Since going gluten-free, I've struggled with two areas: how to explain sources of gluten to family and how to bake without wheat-based flour. The Complete Gluten-Free Whole Grains Cookbook by Judith Finlayson has nailed these two concerns.

The cookbook starts with 33 pages of background information on gluten and uncommon whole grains such a job's tears and amaranth. In addition to a glossary titled "Just the Grains" which showcases several types of gluten-free grains, there are sections called "What is Gluten and Why Does it Matter?" and "A Whole Grains Primer". Anyone who is new to a gluten-free lifestyle, or who needs a few talking points to educate others, must read this cookbook.

Finally, the recipes!

Like all great cookbooks, this one offers variety. There's 125 recipes broken into the following chapters:
  1. Bread and Breakfasts
  2. Appetizers
  3. Soups
  4. Salads
  5. Poultry
  6. Fish and Seafood
  7. Meat
  8. Meatless Mains
  9. Side, Sundried and Basics
  10. Desserts
As a bonus, there's an appendix listing diabetic food values (carbs, fats, food groups) for each recipe.

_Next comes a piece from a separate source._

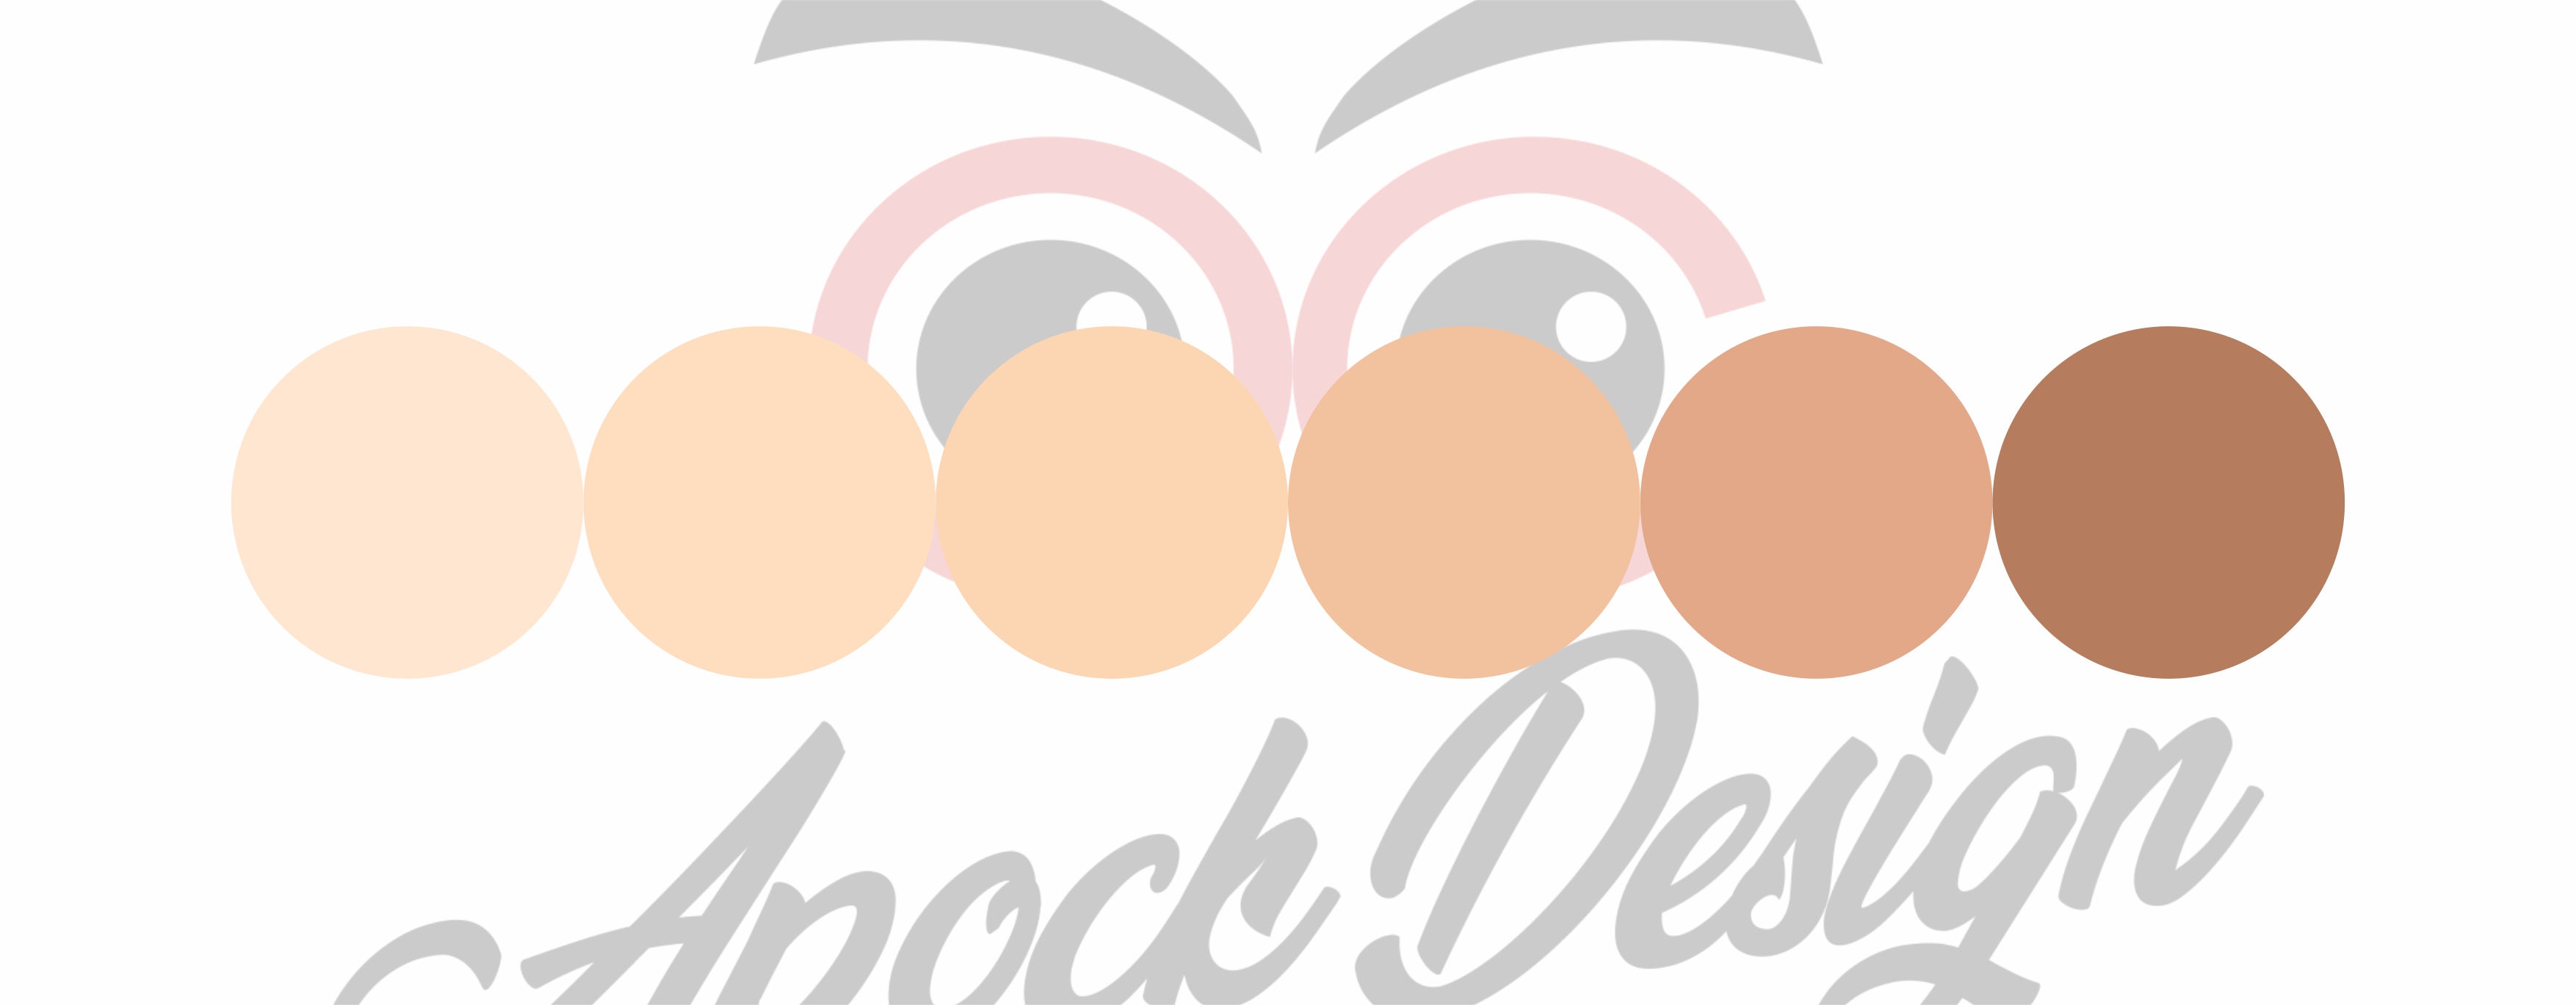 Download Palet Warna Vector Art Apock Design

The other night I turned to the Desserts section and had to test one of the recipes. Since I struggle with baking gluten-free, I wanted to try a dessert. I decided to make the Oatmeal Shortbread Squares on page 198. This simple recipe wasn't covered in chocolate, fruit or any other disguise to "make it taste better."

The recipe was quick to assemble in my food processor and came together just as promised in the recipe. Since I used a slightly smaller baking pan than recommended, I had to bake the cookies longer, but also enjoyed thicker treats.

The Oatmeal Shortbread Squares were fabulous: tender, flaky and sweet. In addition to eating them plain, I served them topped with fresh strawberries and vanilla ice cream for dessert. The gluten-eating hubby even went back for seconds. We were both impressed and have already marked this page in the cookbook as "Great! Tender and buttery. Let cool or they crumble."

Yes, I write in my cookbooks. And yes, I ignored the instructions to let the dessert cool or they will crumble. I have an addiction to warm cookies. The leftovers were perfectly formed squares--as promised by the author.

Now I'm anxious to try more recipes in the The Complete Gluten-Free Whole Grains Cookbook by Judith Finlayson. My short list includes:
  • Cranberry Orange Pecan Muffins, page 36
  • Vegetable Tempura, page 63
  • Asian Style Quinoa Salad with Chili-Orange Dressing, page 84
  • Gluten-Free Pizza Crust, page 184
  • Rhubarb-Strawberry Cobbler, page 204
Each recipe includes a helpful "Nutrient per Serving" information box, cooking tips and variations on the original recipe. Most recipes are paired with a colorful photo sure to make you drool.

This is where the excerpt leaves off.